25

656 47 126
                                    

Yirmi beşinci bölüm

Gerçek; esrarengizdir, kaypaktır ve her zaman yeniden kuşatılmak ister. Özgürlük tehlikelidir; ne kadar heyecan verici ise, birlikte yaşamak o kadar güçtür. -Albert Camus

İyi Okumalar. -z.

***

Buraya ilk geldiğimde Özgür'ü de Deniz'i de tanımıyordum ve bütün ihtimalleri umursamadan, tüm riskleri göze alarak onları hayatıma dahil etmiştim. Dışarıdan bakınca aşırı saçma ve uçarı durabilir bu durum fakat aslında onların bana verebileceği herhangi bir zararın benim için bir önemi yoktu, hala yok. Çünkü zaten başıma gelebilecek en kötü şeyi yaşıyordum, ölümüm yakındı. Ve bu zamana kadar yaşamadığım pek de bir şey kalmamıştı, onların veya bir başkasının bana verebileceği zarar bu yüzden umurumda değildi.

Hani korku filmlerinde derler ya, başıma daha fazla ne gelebilir ki diye... ve genelde başlarına büyük belalar gelir. Onlar gibi olduğumu düşünmeye başlamıştım, sanki başıma daha kötü şeyler gelecekmiş gibi hissediyordum ve işin tuhaf yanı, bunu değiştirmek için bir şey yapmayı da düşünmüyordum.

Zaten öleceğim mantığındaydım ve bunun zararlı olduğunun bilincindeydim, yine de umurumda değildi.

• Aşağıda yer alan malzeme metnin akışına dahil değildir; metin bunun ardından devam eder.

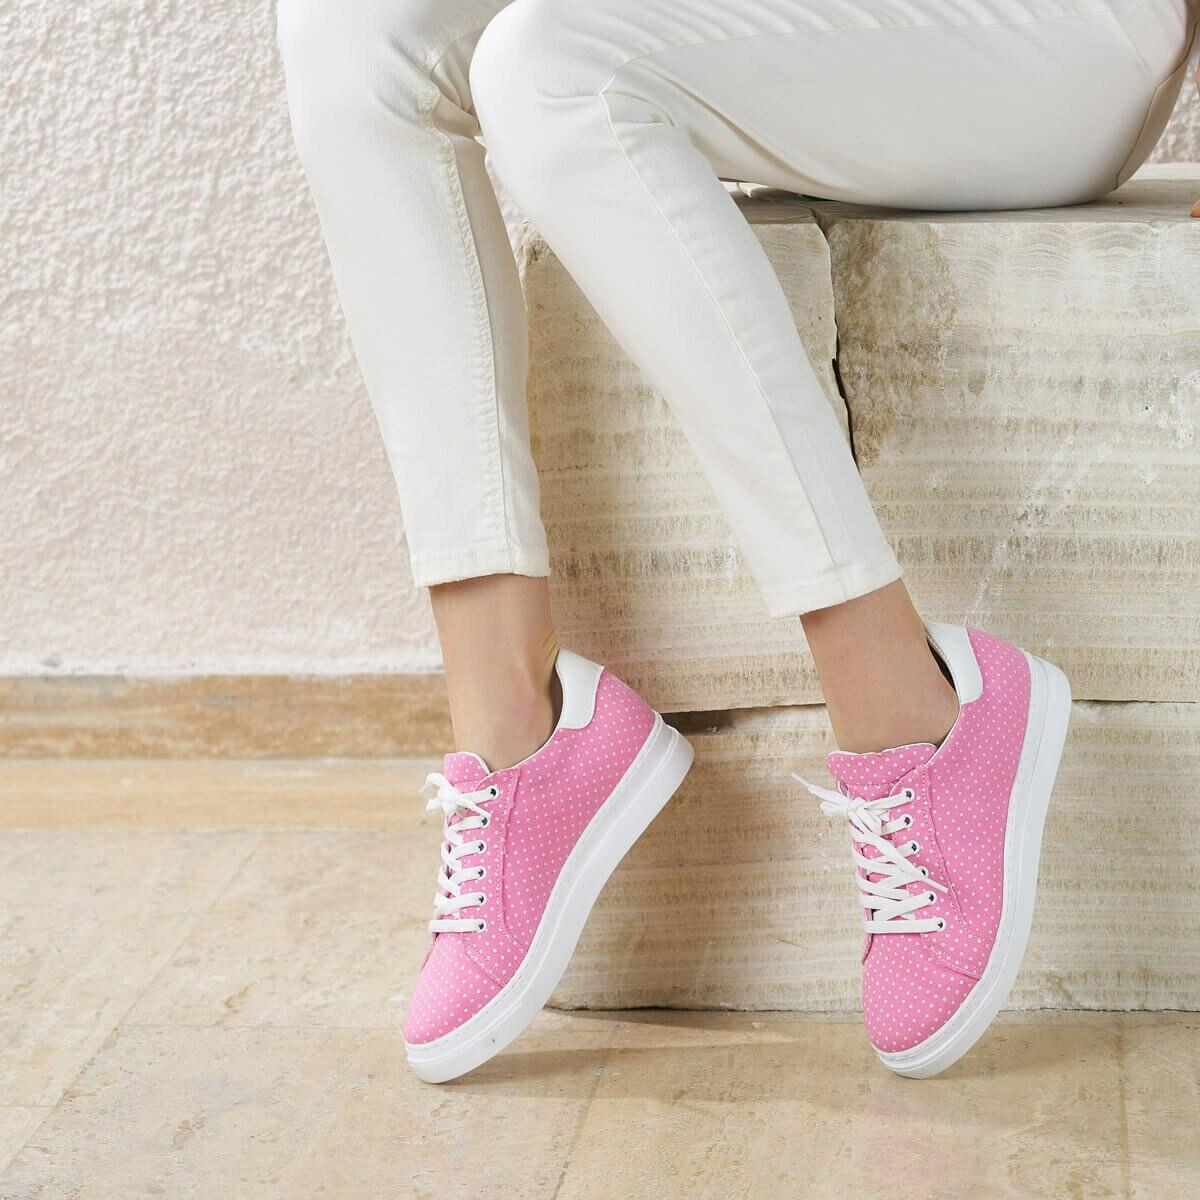 FLO AMOR * 40Z Pink Women 'S Shoes BUTIGO

Şu an ikisini de yakından tanıyordum, neyi neden yaptıklarını tahmin edecek kadar hem de.

Özgür'ü gün geçtikçe daha iyi tanımak hoşuma gidiyordu, onun hakkında hep yeni bir şeyler öğreniyordum ve bu çok güzeldi.

Ama Deniz, artık onu tamamen tanıdığımı düşünüyordum. Kalbi saf ve temizdi, içinde herhangi bir art niyet yoktu. Hayatındaki insanlara kolay bağlanan, hemen seven biriydi. Aslında olgun ve mantıklı biriydi fakat duygularını daha doğrusu yaşadığı şeylerin acısını gizlemek için bir maske takıyordu, neşeli komik birine dönüştürüyordu kendini.

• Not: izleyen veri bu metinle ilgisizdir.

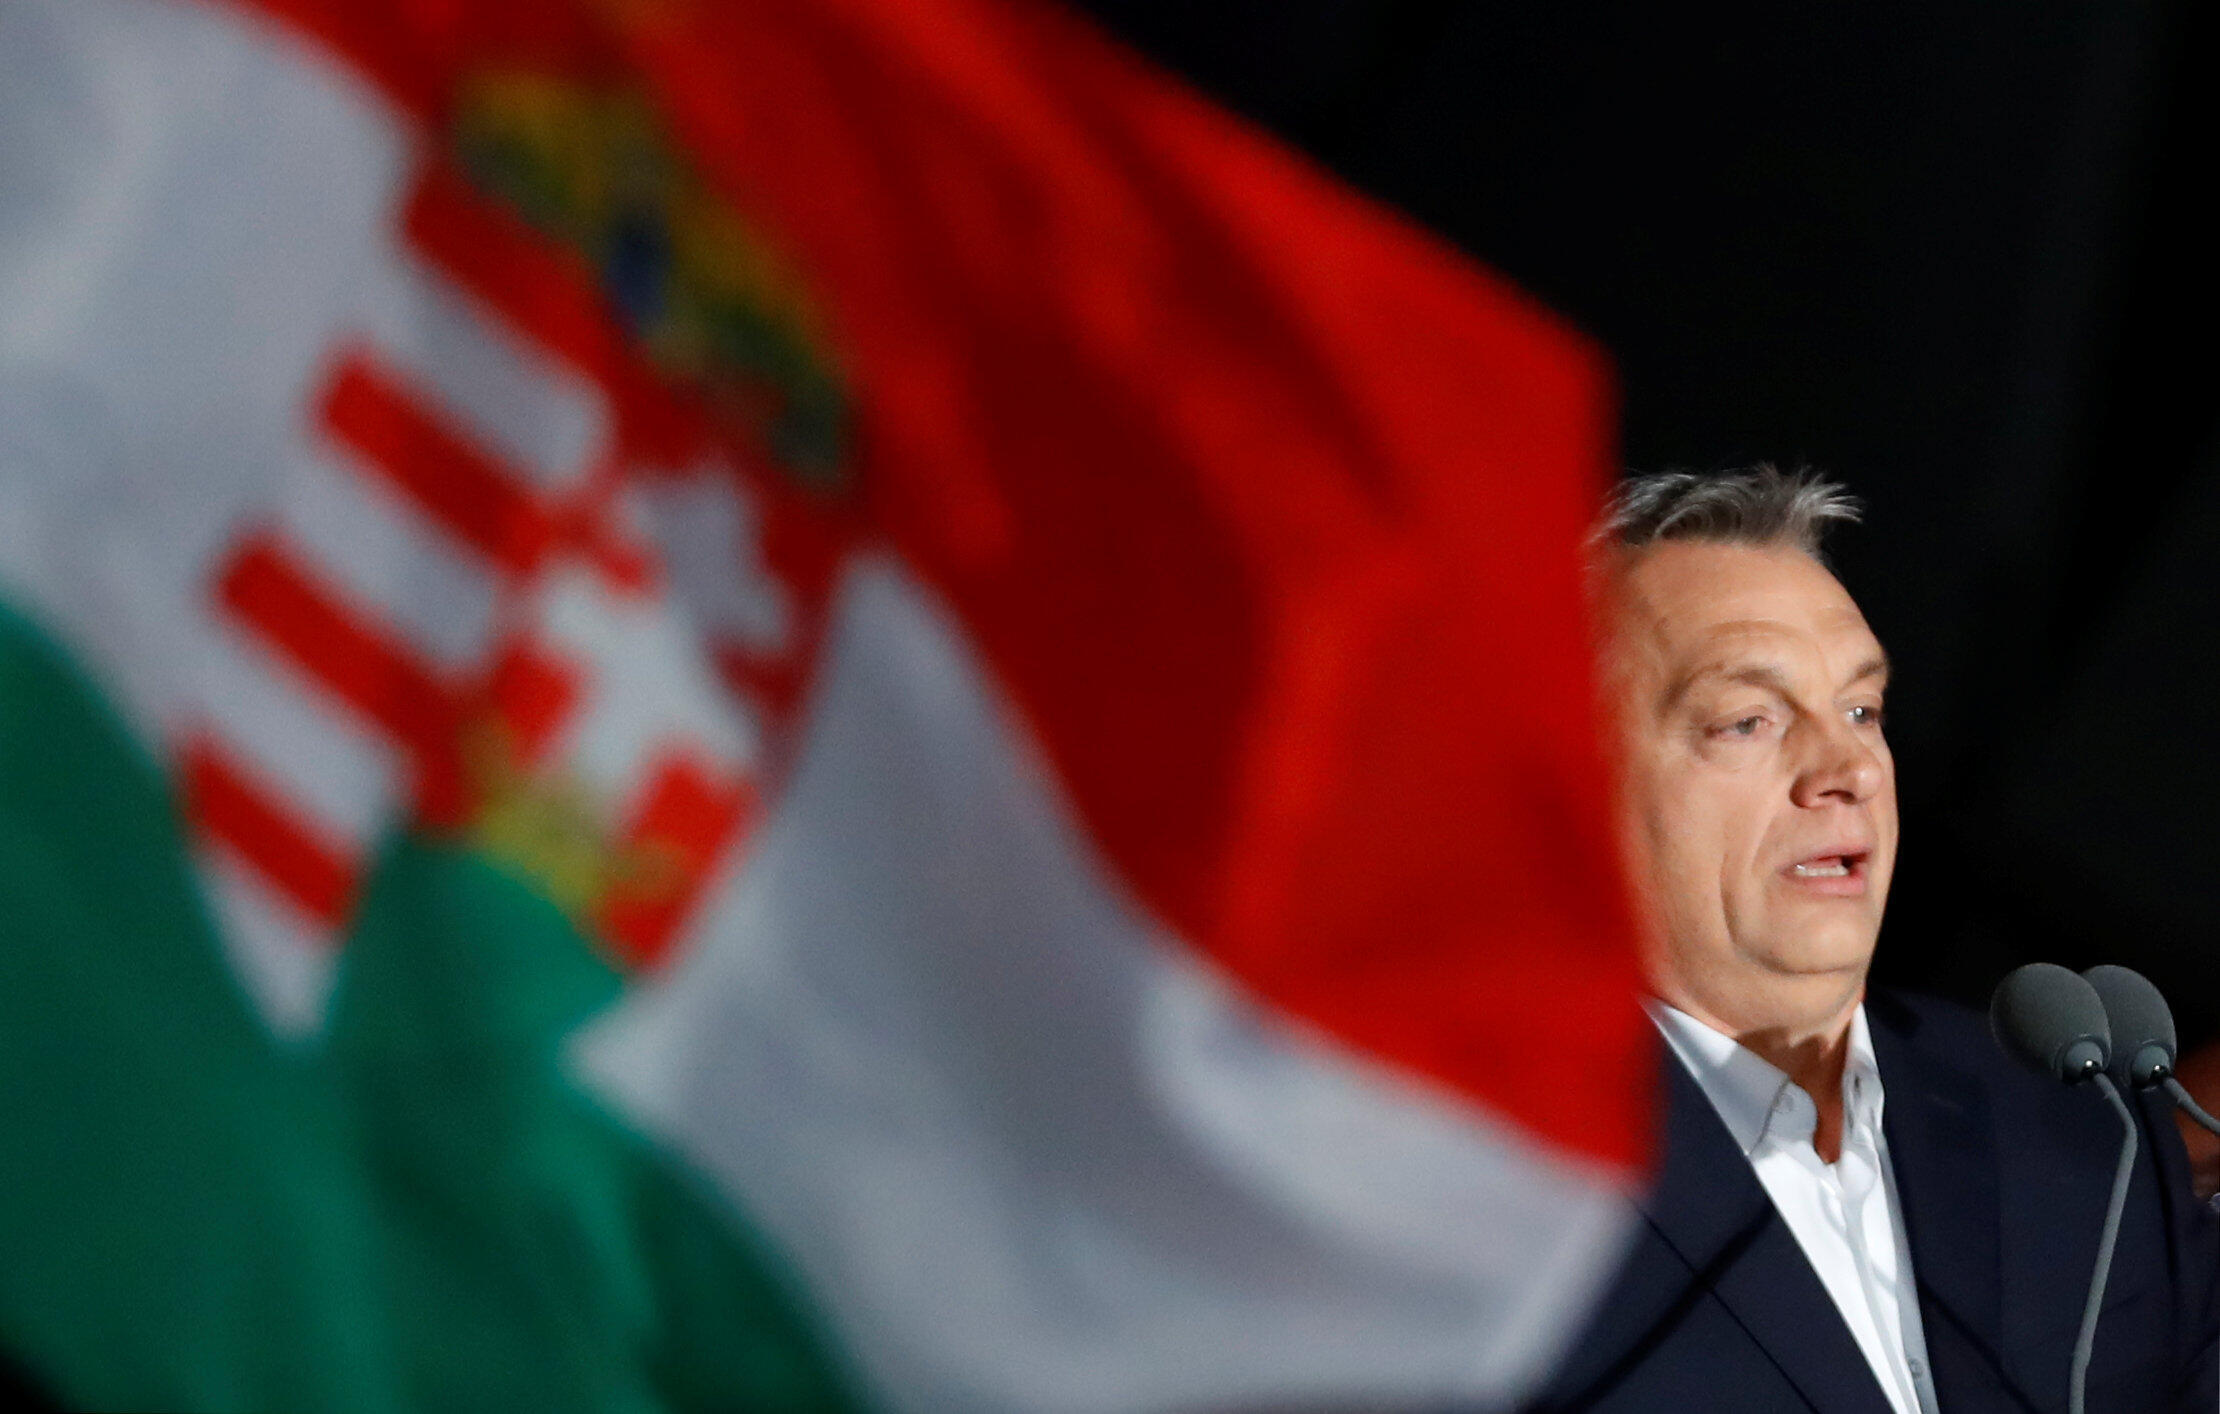 Firaministan Hungary  Viktor Orban na adawa da karbar baki a kasar

Mesela Özgürle ne zaman antrenman yapsak ben pek odaklanamazdım, dikkatimi hep dağıtırdı. Fakat saatlerdir Denizle çalışıyorduk ve resmen zaman su gibi akıp geçiyordu, pürdikkat çalışmıştık. Ve kurduğu cümleler benim daha çok odaklanmama sebep oluyordu ama genelde saçma sapan şeyler anlatıyordu.

"Foklar hem karada hem suda uyuyabiliyormuş, biliyor musun? Ben bir fokum," dediğinde gülerek yumruğundan kaçtım. Bu sefer alttan vurmaya çalıştığında geriye adımladım, dediği şey komik olmasa bile söyleyiş şekli gülünç olduğu için kahkaha atmaya başladım.

"Ben bir fokum, fok fok fokum. Denizlere girerim, denizlerde yüzerim. Denizler fok götürür," diye söylediği şarkı eşliğinde bana yumruklar savurmaya başladığında kahkaham öyle şiddetlendi ki kendimi geriye çekip karnımı tuttum. O da devam edemeyeceğimi anlayınca vurmayı kesti ve oldukça ciddi bir şekilde şarkısını söylemeye devam etti.

"Ben bir fokum, fok fok fok," dediğinde gülerek elimi ağzına kapatıp onu susturmaya çalıştım. "Allah aşkına sus, ne olur." dedim gülüşümün arasından. Kafasını salladığında gülmemi durdurmaya çalışarak elimi ağzından çektim ve birbirimize bakmaya başladık, kısa bir süre sonra ikimiz de kahkahalara gömülmüştük.

"Doğruymuş, gerçekten de üzüm üzüme baka baka kararıyormuş." diye bir ses duyduğumda sesin geldiği yöne doğru döndüm, Özgür siyah beyaz bir takım elbise içinde spor salonuna inmişti. Koyu kahverengi saçları bu sefer dağınık değildi, taramış ve şekillendirmişti. Boynunda papyon kurdelesi vardı, daha takmamıştı. Oldukça, oldukça iyi görünüyordu.

"Ay götüm, kıskanma. Sana mı benzeyecekti?" diyen Deniz'in yüzünde az önceki muzip ifadesi yoktu. Özgür onu pek takmadan bana yaklaşmaya başladı, alnımdaki terleri sildim o gelirken.